What is Linux?

If you consider the kernel to be the lowest level of the system, the highest level is the user interface. Everything else, from the kernel through the drivers and hardware interfaces, is of no use until you can use the computer.

This generally means a graphical desktop, and here we come across more layers. X (or maybe Wayland in the future) simply provides a blank canvas. You then need something to provide the niceties of a windowed interface, and that something is the window manager.

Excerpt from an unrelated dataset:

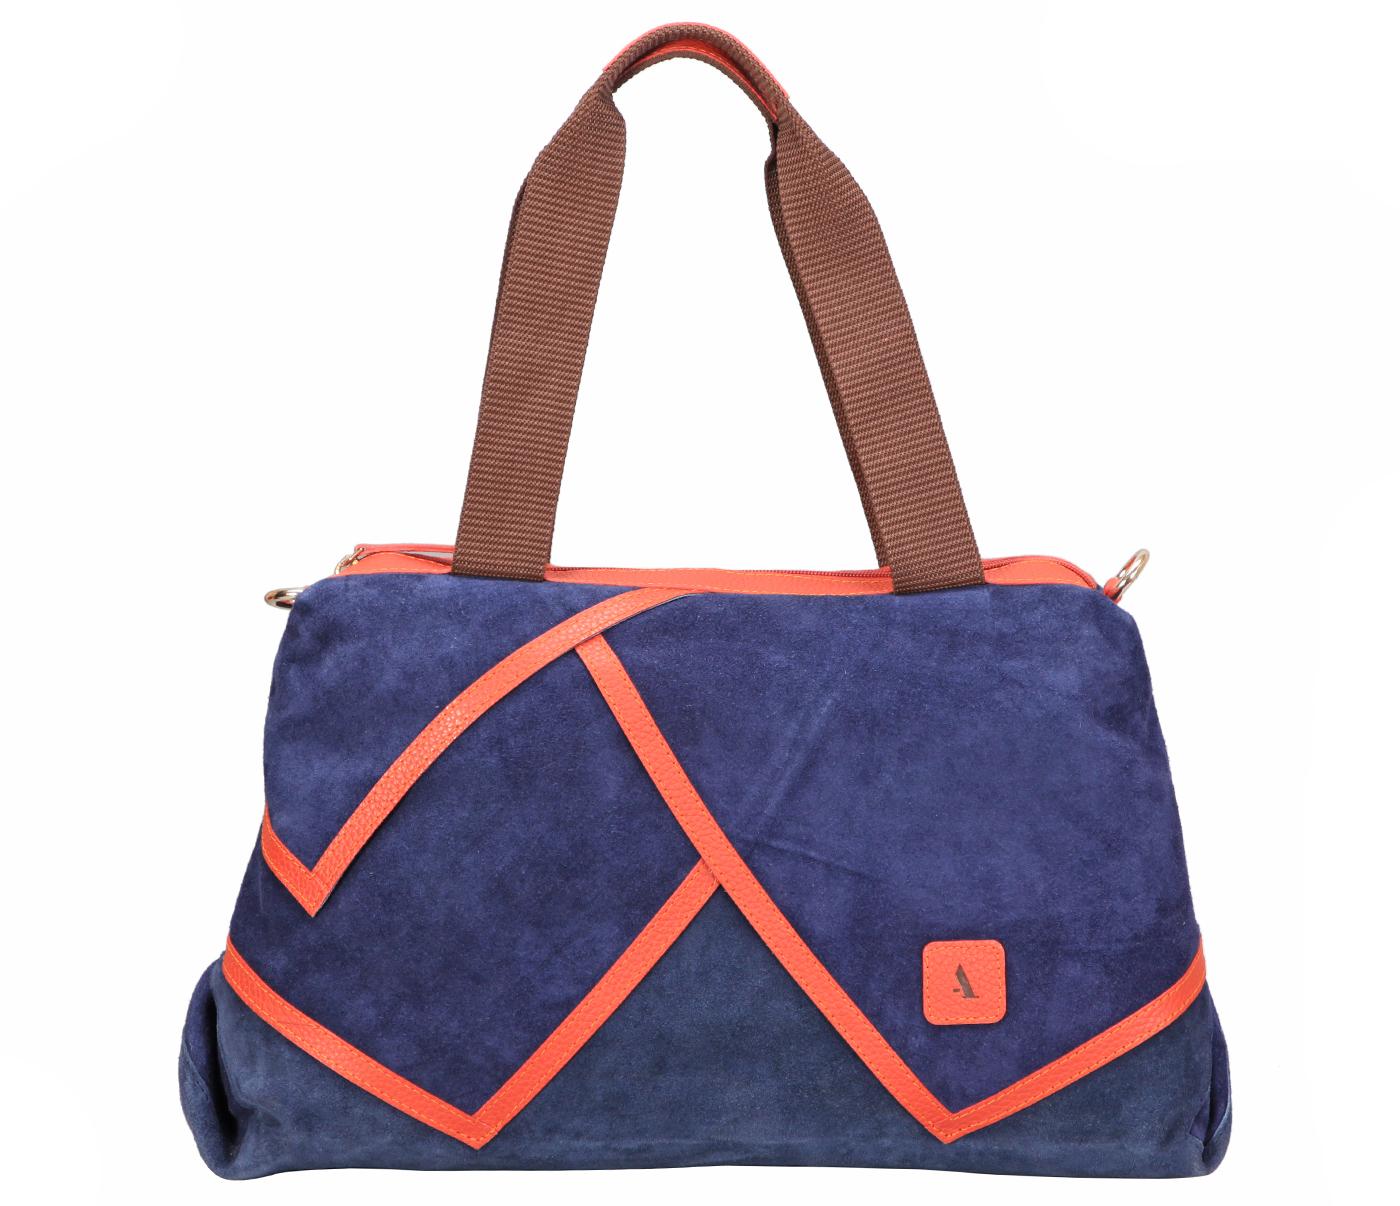 Handbag - B862

In the past, window managers were standalone systems, and there are still plenty of these available, such as OpenBox or Enlightenment, but nowadays they are often part of a larger desktop environment. Strictly speaking, a window manager is responsible for the handling of windows on the desktop, their opening, closing, placement and other manipulations.

What is Linux

There are also plenty of lightweight window managers, like OpenBox running on CrunchBang here

Over time, they grew to incorporate other features, such as taskbars and program launcher menus, until they developed into desktop environments.

Software collections

A desktop environment is simply a more or less integrated collection of utilities to provide the features needed to run a complete desktop. Running programs, manipulating their windows, keeping track of what is going on and enabling programs to communicate with one another are all features of desktop environments, but they still have a window manager at their heart – KWin for KDE and Metacity in Gnome to name but two.

What sets a desktop environment apart from a window manager is the level of integration. This is particularly evident in KDE, where everything works around a common core, and programs not only communicate with one another, but an instance of one program can even be embedded in the window of another.

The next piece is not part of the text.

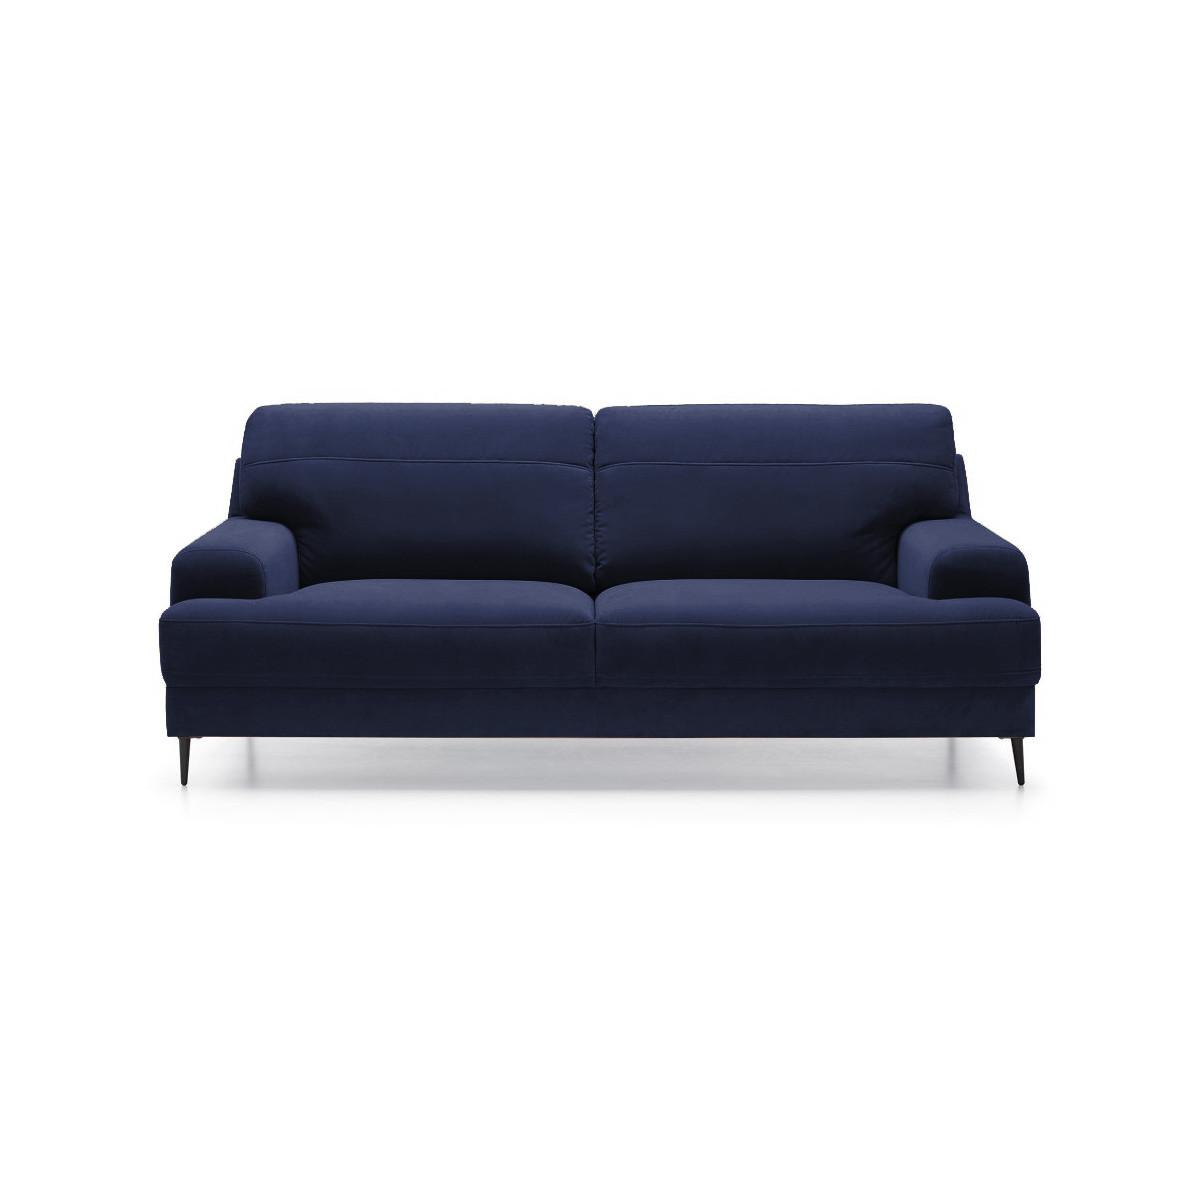 Monday Sofa 3 207cm

While it may not make much sense to use KWin on Gnome, you may want to try one of the more specialist window managers that offer greater control over window handling, or use a different method of displaying them. There are tiling window managers, like awesome and xmonad, that resize windows so they all fit on the desktop (KDE has its own option to behave like this).

There are also window managers designed to be controllable with the keyboard, and minimal window managers that are useful for specialist systems that run a single program in a full-screen window and don't want any widgets cluttering up the place.